> [EXERCISE OBJECTIVE]
Begin your copy at the line holding "Losail Doha 27th" and end it at the last line of the listing. Keep every line exact and leave out the pictures.

> [DATA EXCERPT]
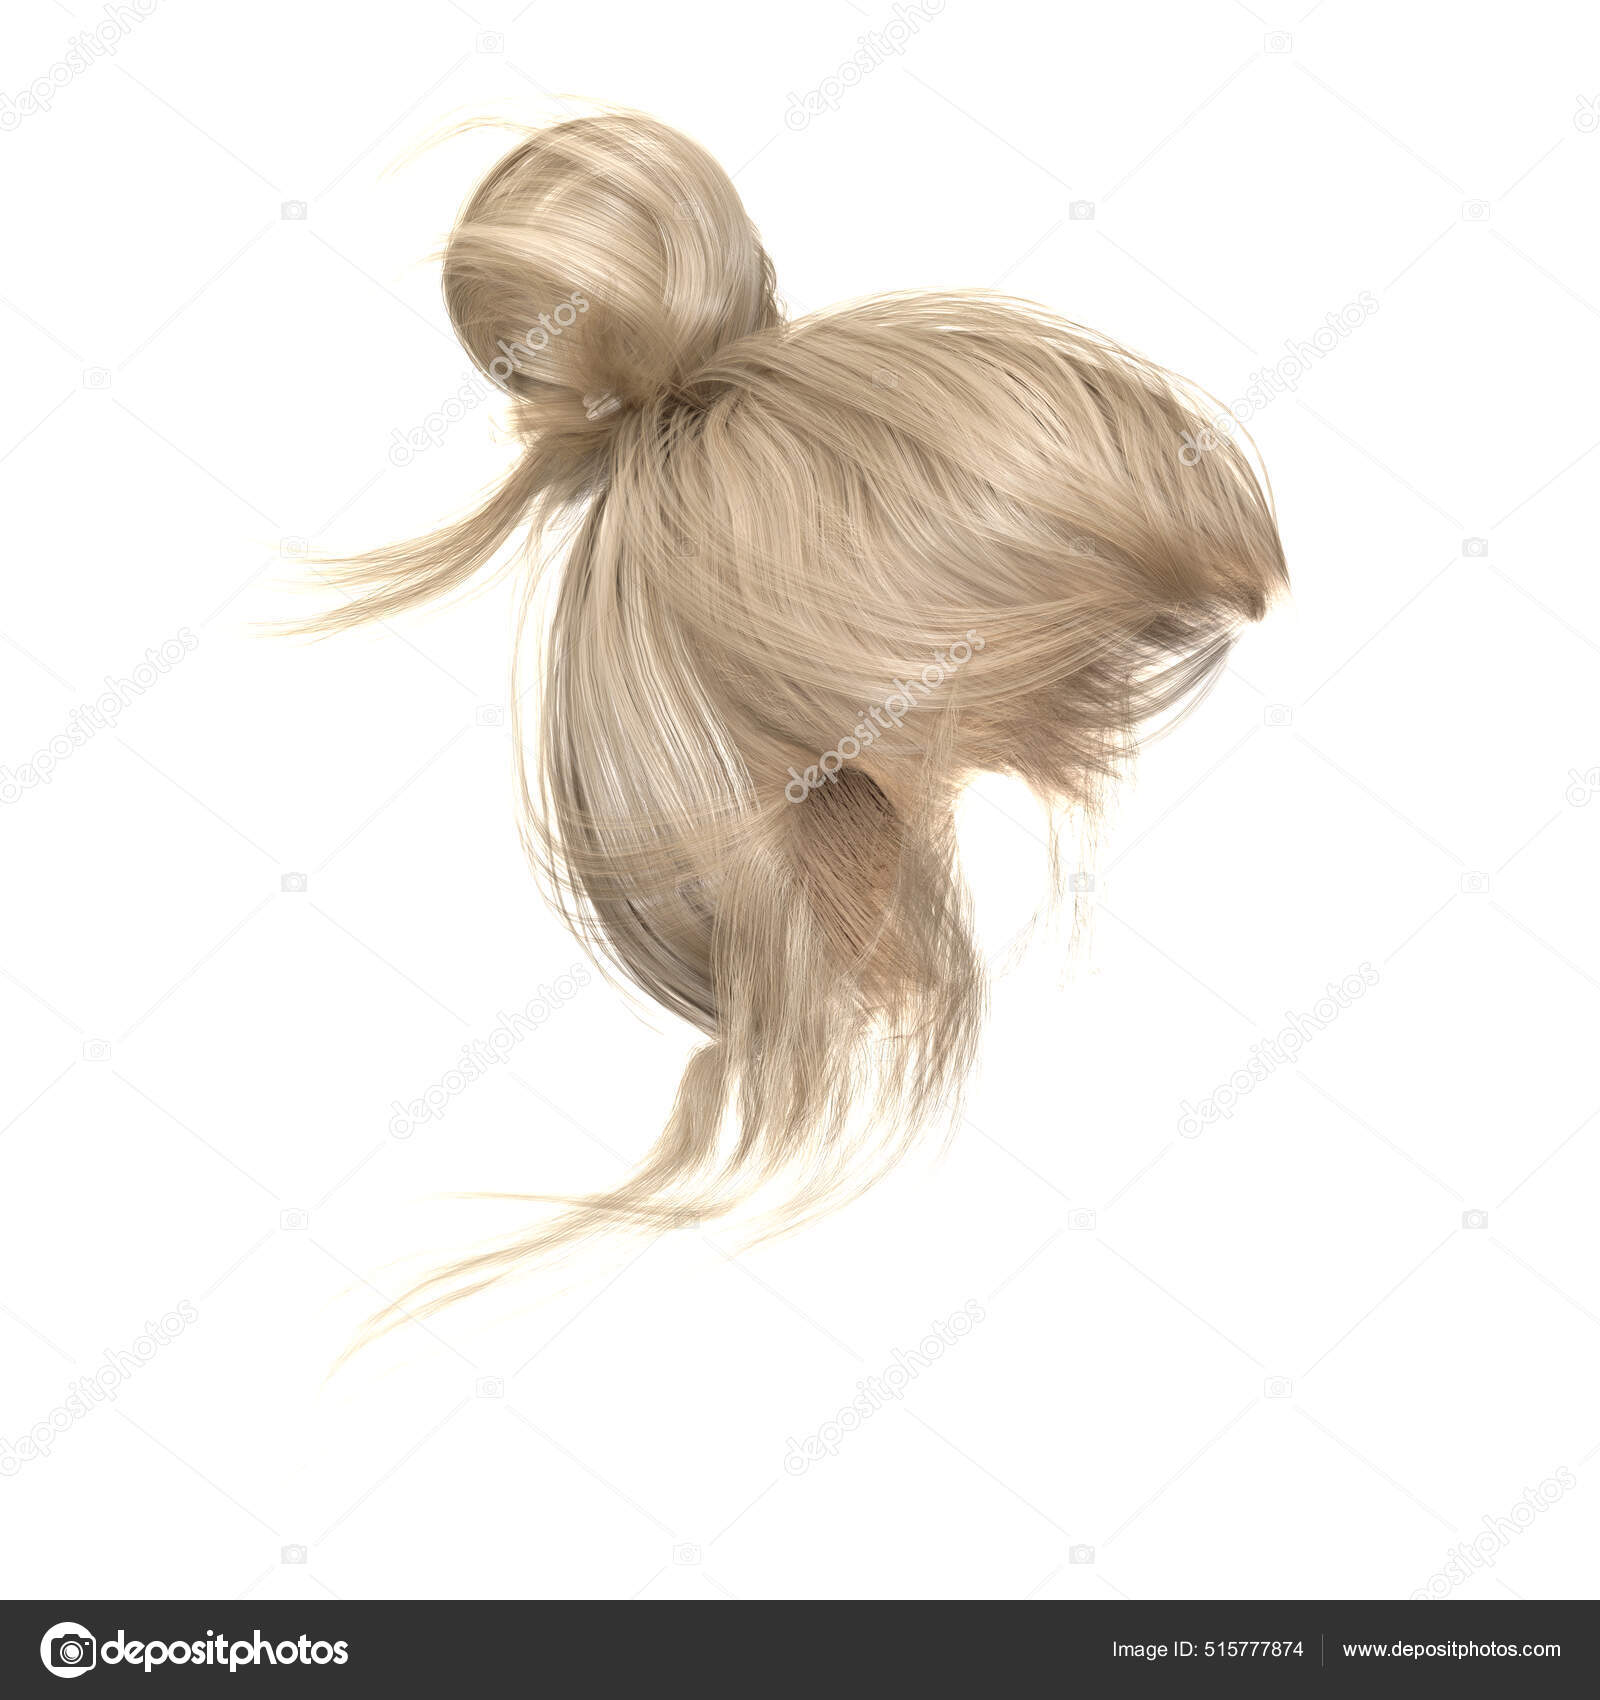 Messy hair bun Stock Photos, Royalty Free Messy hair bun Images |  Depositphotos
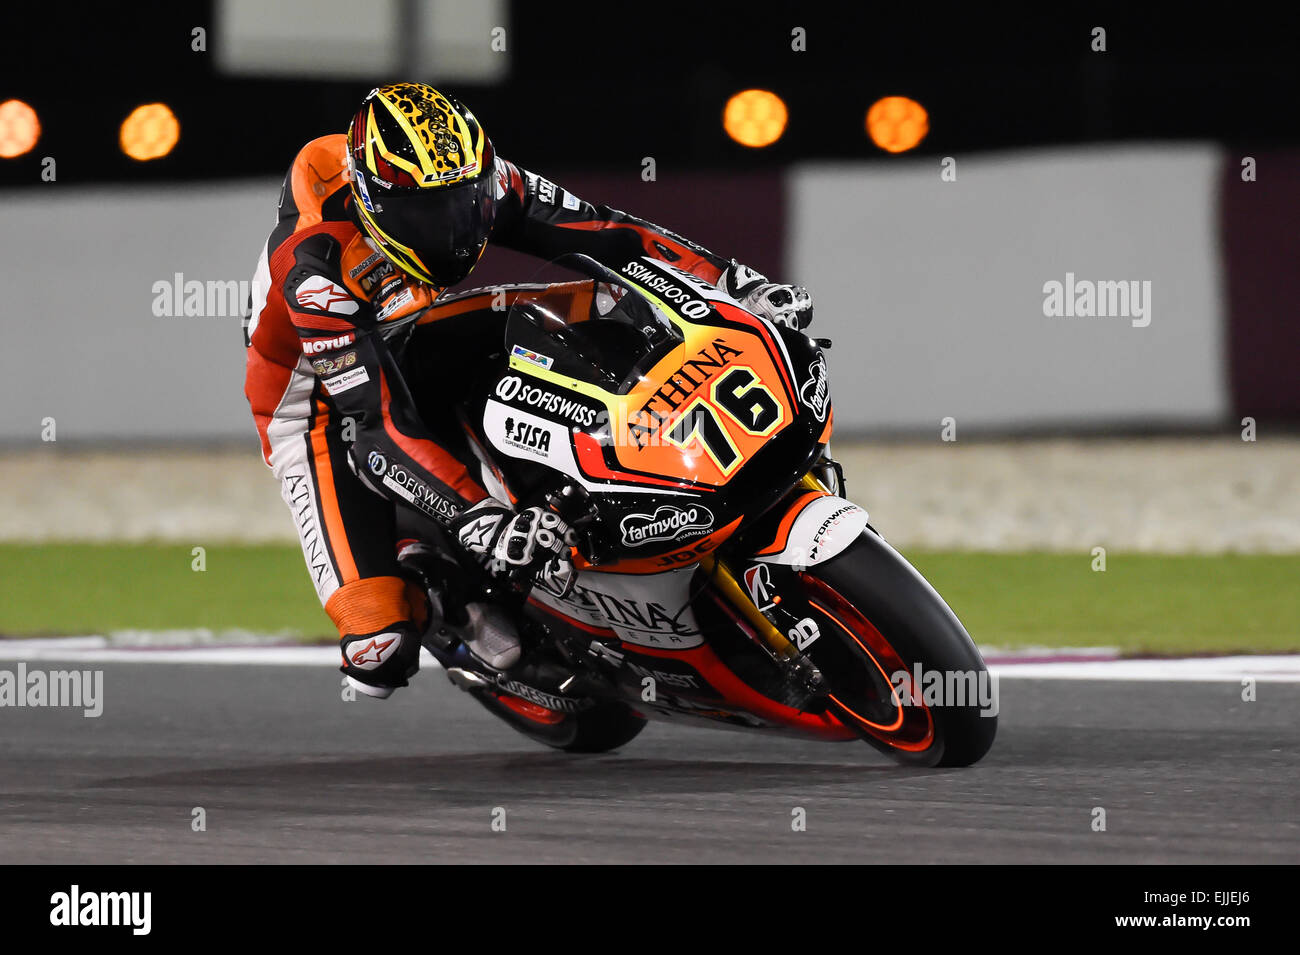 Losail Doha 27th Mar 15 Motogp Qatar Grand Prix Practice Stock Photo Alamy
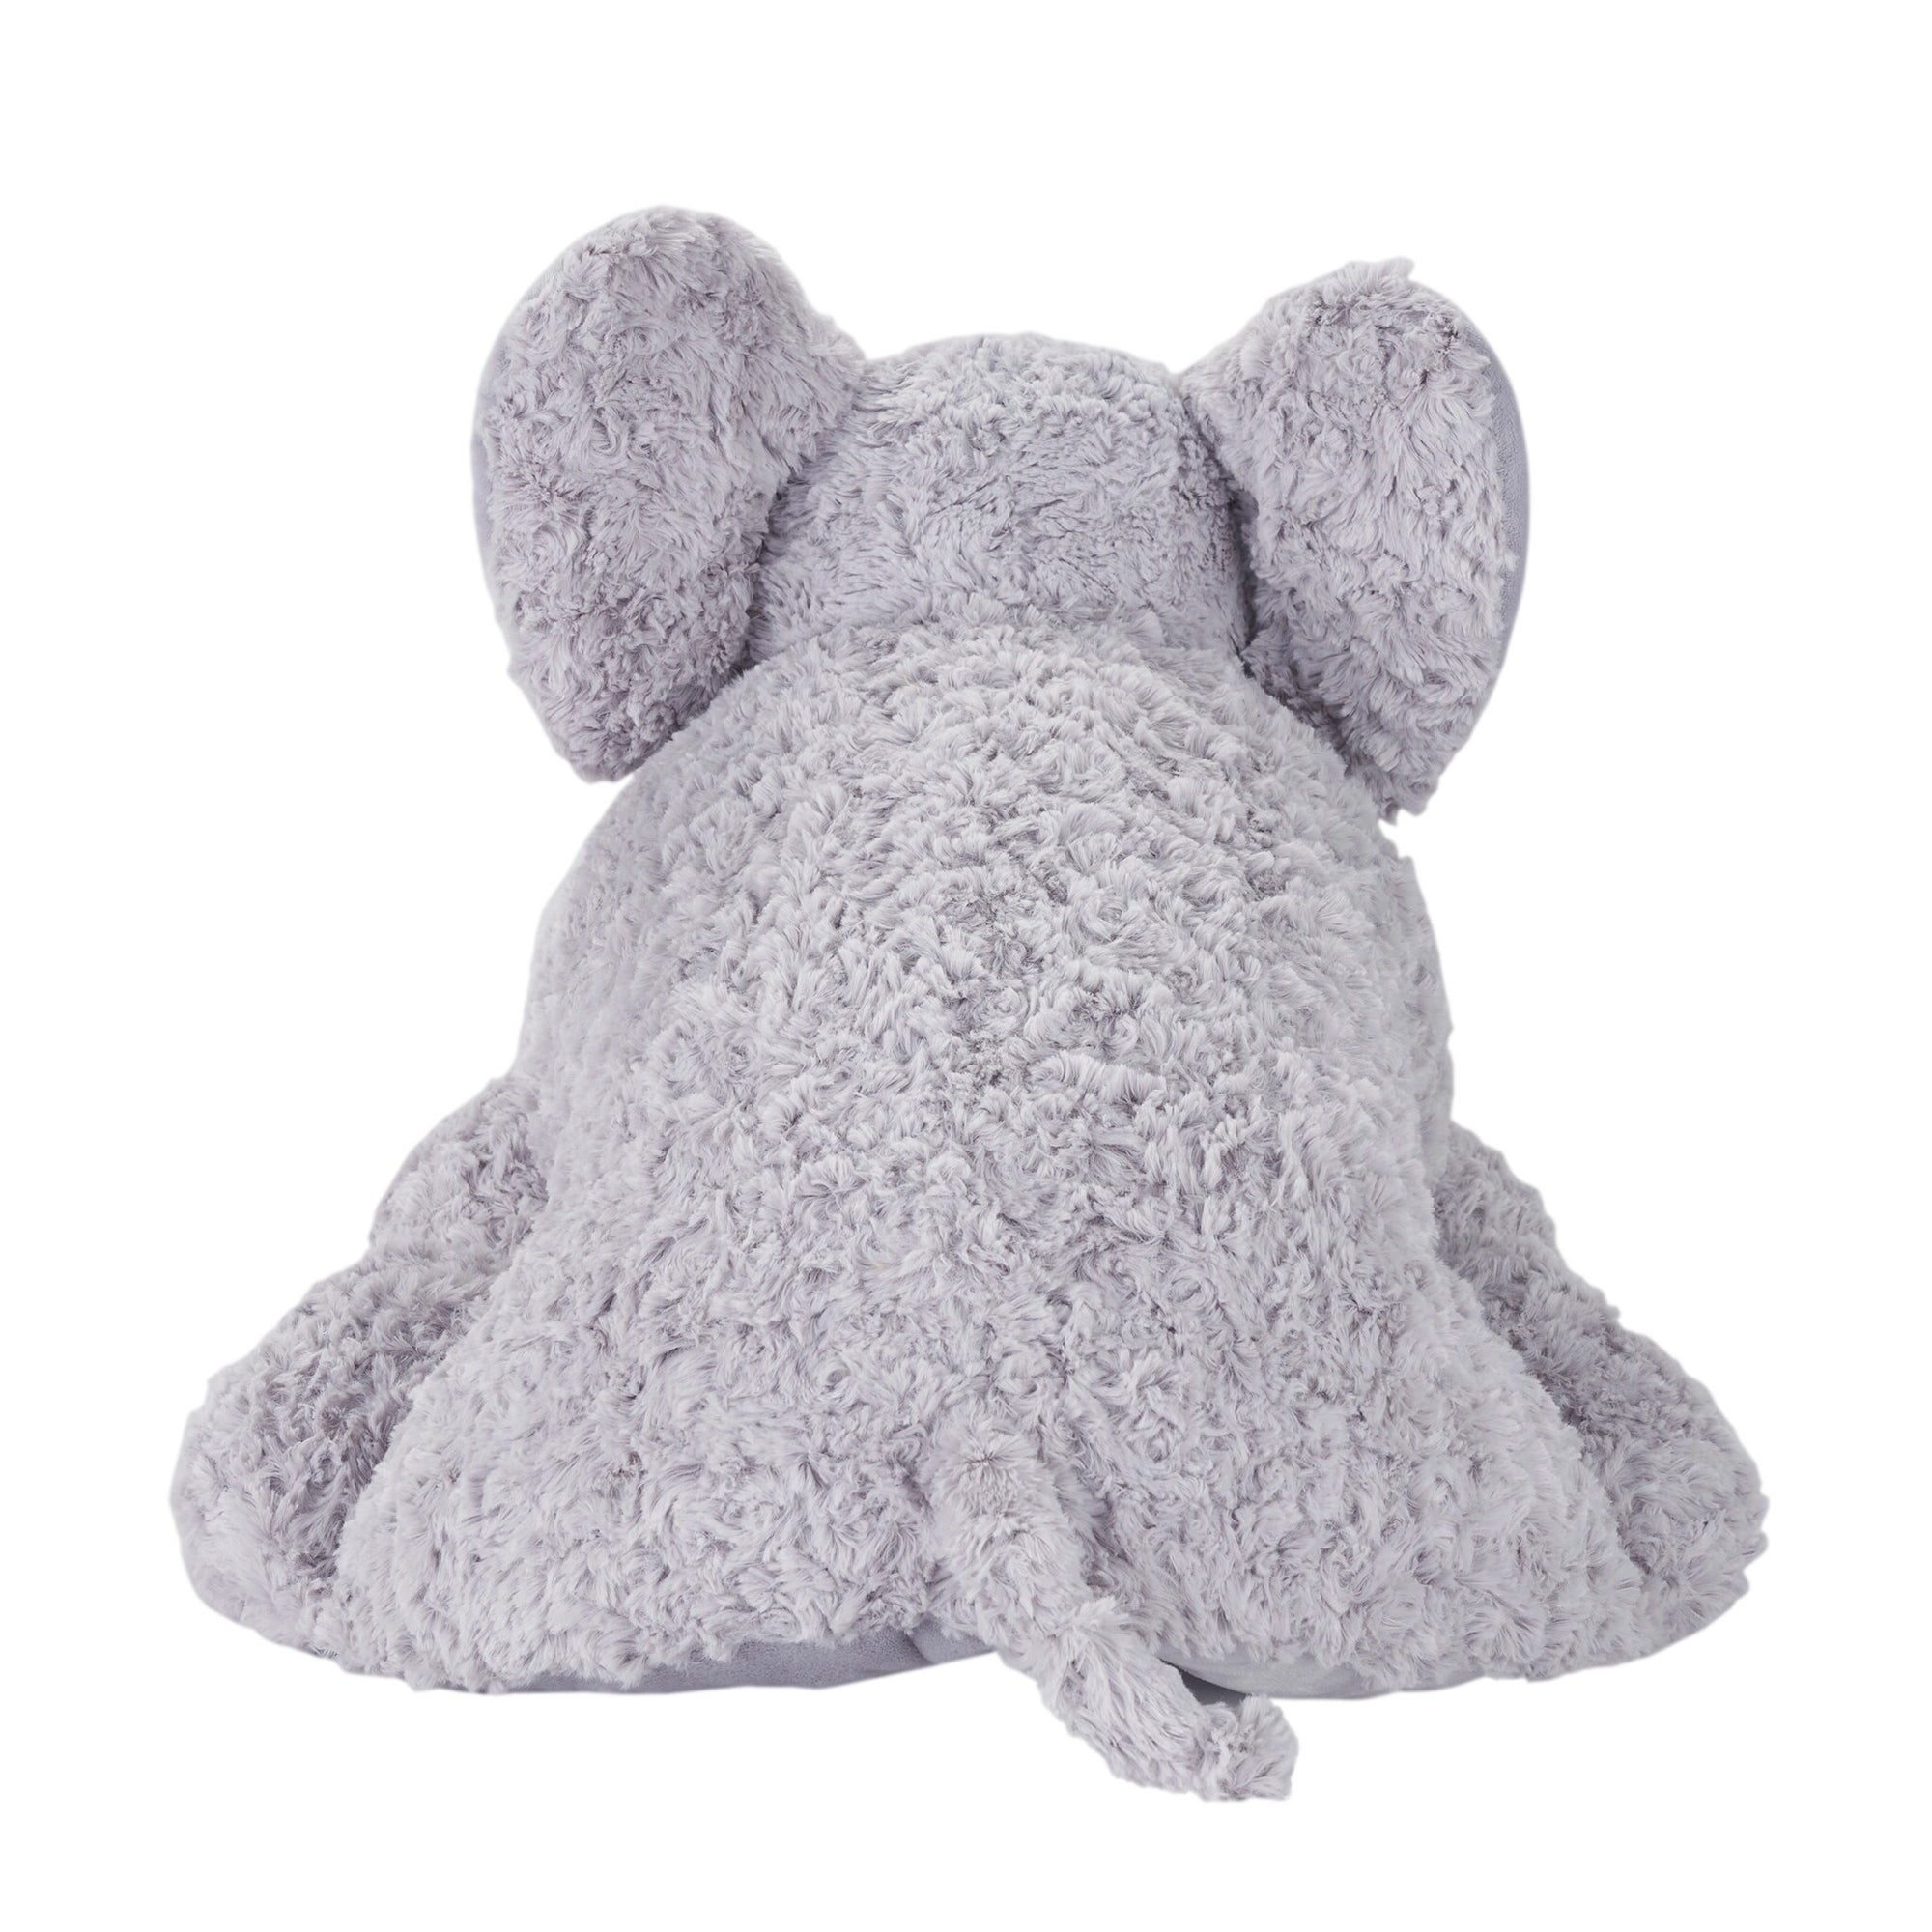 Eli the Grey Elephant Plush Animal Pillow

> [RESULT BELOW]
 Losail Doha 27th Mar 15 Motogp Qatar Grand Prix Practice Stock Photo Alamy
 Eli the Grey Elephant Plush Animal Pillow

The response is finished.